Here we can just trow in a tree and check. Parentheses should match.

In [6]:
tree_str = """
( S ( CONJ3CL ( P-VC-S ( PP ( PREP ἐν )( NOUN ἀρχῇ ) )( VERB ἦν )( NP ( DET ὁ )( NOUN λόγος ) ( PUNCT , ) ) )( WG ( CONJ καὶ )( S-VC-P ( NP ( DET ὁ )( NOUN λόγος ) )( VERB ἦν )( PP ( PREP πρὸς )( NP ( DET τὸν )( NOUN θεόν ) ( PUNCT , ) ) ) ) )( WG ( CONJ καὶ )( P-VC-S ( NOUN θεὸς )( VERB ἦν )( NP ( DET ὁ )( NOUN λόγος ) ( PUNCT . ) ) ) ) ) )
"""

open_count = tree_str.count("(")
close_count = tree_str.count(")")
print("Opening parentheses:", open_count)
print("Closing parentheses:", close_count)

Opening parentheses: 33
Closing parentheses: 33


## 3.2 - Display the penn tree <a class="anchor" id="bullet3x2"></a>

We can also display the tree in a nice format using nltk.

In [7]:
from nltk import Tree


ptbString = """

(S (WG (CL  (VP-V (VERB ἐγένετο) )(NP-SBJ (NOUN ἄνθρωπος) (PUNCT ,) (CL  (VP-V (VERB ἀπεσταλμένος) )(PP-ADV (PREP παρὰ) (NOUN θεοῦ) (PUNCT ,) ) ) ) ) (CL (NOUN ὄνομα) (PRON αὐτῷ) (NOUN ἰωάνης) (PUNCT ·) ) ) )

"""

tree = Tree.fromstring(ptbString)
tree.pretty_print()  # console-style print     

                                               S                                 
                                               |                                  
                                               WG                                
            ___________________________________|_________________                 
           CL                                                    |               
    _______|________________                                     |                
   |                      NP-SBJ                                 |               
   |        ________________|_____________                       |                
   |       |       |                      CL                     |               
   |       |       |         _____________|____                  |                
  VP-V     |       |       VP-V              PP-ADV              CL              
   |       |       |        |         _________|______       ____|____________    
  VERB    

## 3.3 - Script to check tree consistency <a class="anchor" id="bullet3x3"></a>

The following script proved helpfull to figure out where the logic in building trees got astray. I leave it in for anyone modifying this notebook.

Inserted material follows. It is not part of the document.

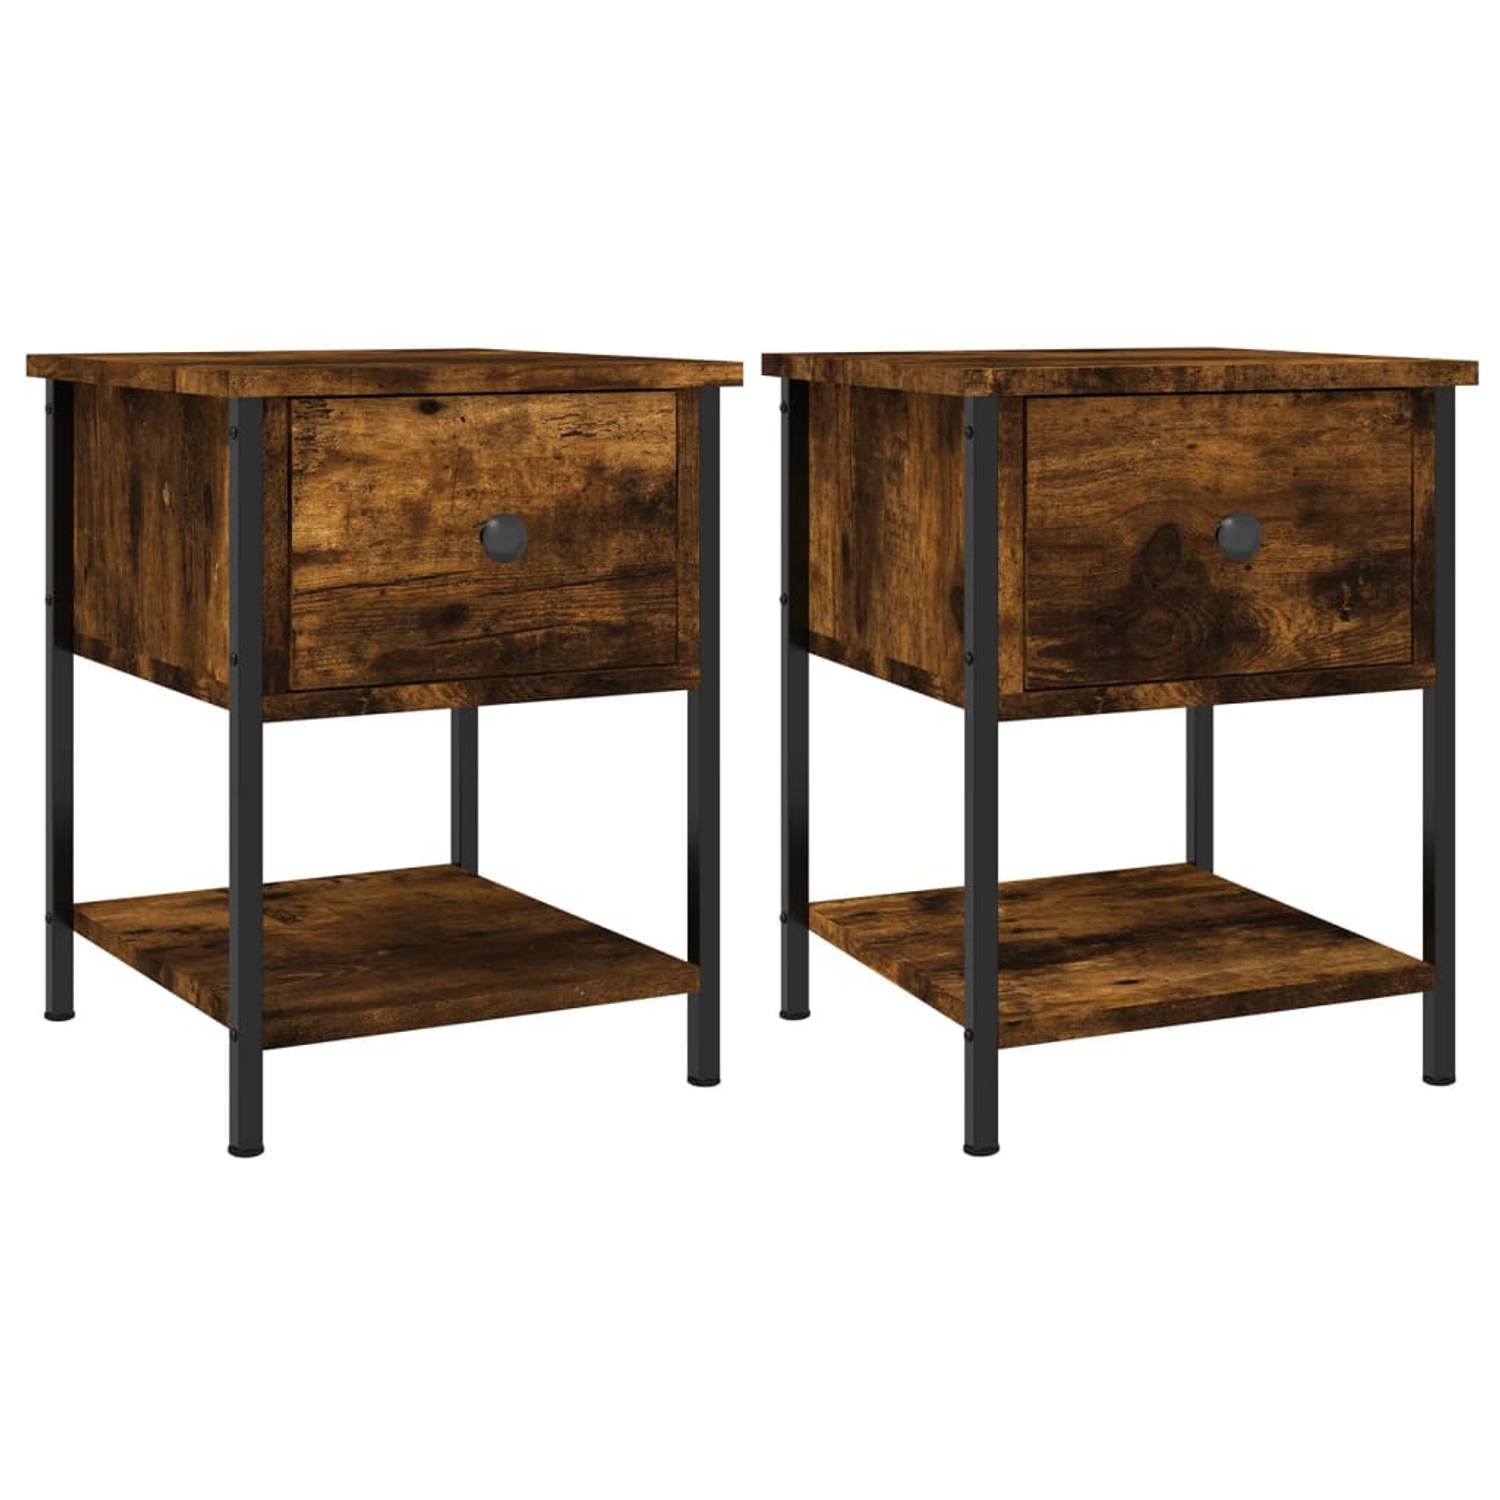 The Living Store Nachtkastjes Smoke Oak - Set van 2 - Gerookt eiken - 34 x 35.5 x 45 cm - Duurzaam hout - Stabiel metalen frame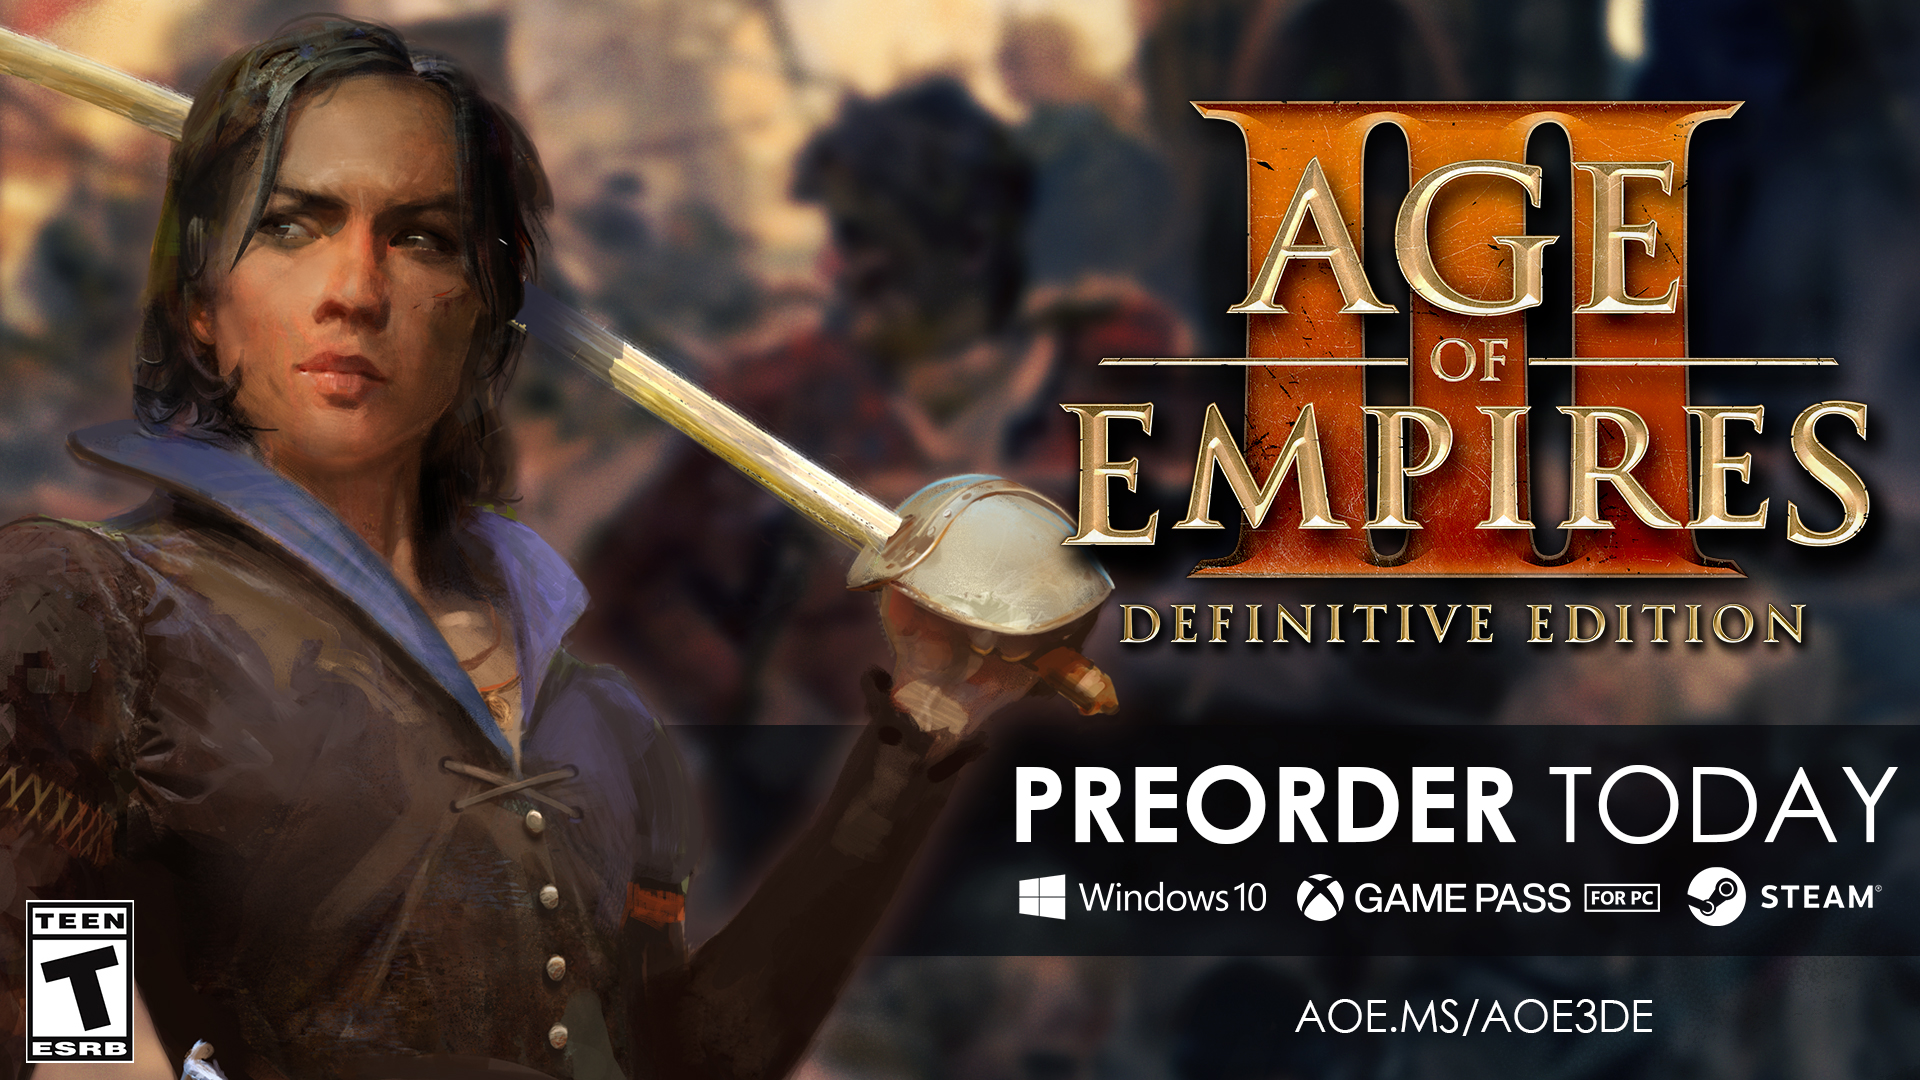 Age of empires iii mac free download windows 7

E.g., for another dataset

In [8]:
import re

def annotate_parentheses(text):
    """
    Returns a new string where each '(' is annotated with "[open N]"
    and each ')' is annotated with "[close N]" where N is a counter.
    Uses a stack to match open and close parentheses.
    """
    stack = []
    counter = 1
    annotated = []
    
    for char in text:
        if char == "(":
            # For every open parenthesis, push the current counter
            stack.append(counter)
            annotated.append(f"( [open {counter}]")
            counter += 1
        elif char == ")":
            if stack:
                # Pop the matching open counter
                num = stack.pop()
                annotated.append(f")[close {num}]")
            else:
                # If there is no matching open, still annotate and flag it.
                annotated.append(f")[close {counter} (no matching open)]")
                counter += 1
        else:
            annotated.append(char)
    
    # If there are any unmatched open parentheses, add a warning at the end.
    if stack:
        annotated.append("\n[Warning: Unmatched open parentheses remain: " + ", ".join(map(str, stack)) + "]")
    
    return "".join(annotated)

def check_consistency(annotated_text):
    """
    Checks that every [open N] tag has a corresponding [close N] tag.
    Returns True if the numbers match; otherwise, it prints an error message and returns False.
    """
    open_tags = re.findall(r'\[open (\d+)\]', annotated_text)
    close_tags = re.findall(r'\[close (\d+)\]', annotated_text)

    if len(open_tags) != len(close_tags):
        print("The number of open and close tags are unequal")
        return False

    if set(open_tags) != set(close_tags):
        print("Mismatch in tag numbers between open and close tags.")
        return False

    return True

# the penn tree to validate:
input_text = """( S ( CL_P2CL ( NP_NPofNP ( N-NSF βίβλος )( NP_NPofNP ( N-GSF γενέσεως )( NP_Np-Appos ( NP_Np-Appos ( NP_Np-Appos ( N-GSM ἰησοῦ )( N-GSM χριστοῦ ) )( NP_NPofNP ( N-GSM υἱοῦ )( N-PRI δαυεὶδ ) ) )( NP_NPofNP ( N-GSM υἱοῦ )( N-PRI ἀβραάμ ) ( PUNCT . ) ) ) ) ) )"""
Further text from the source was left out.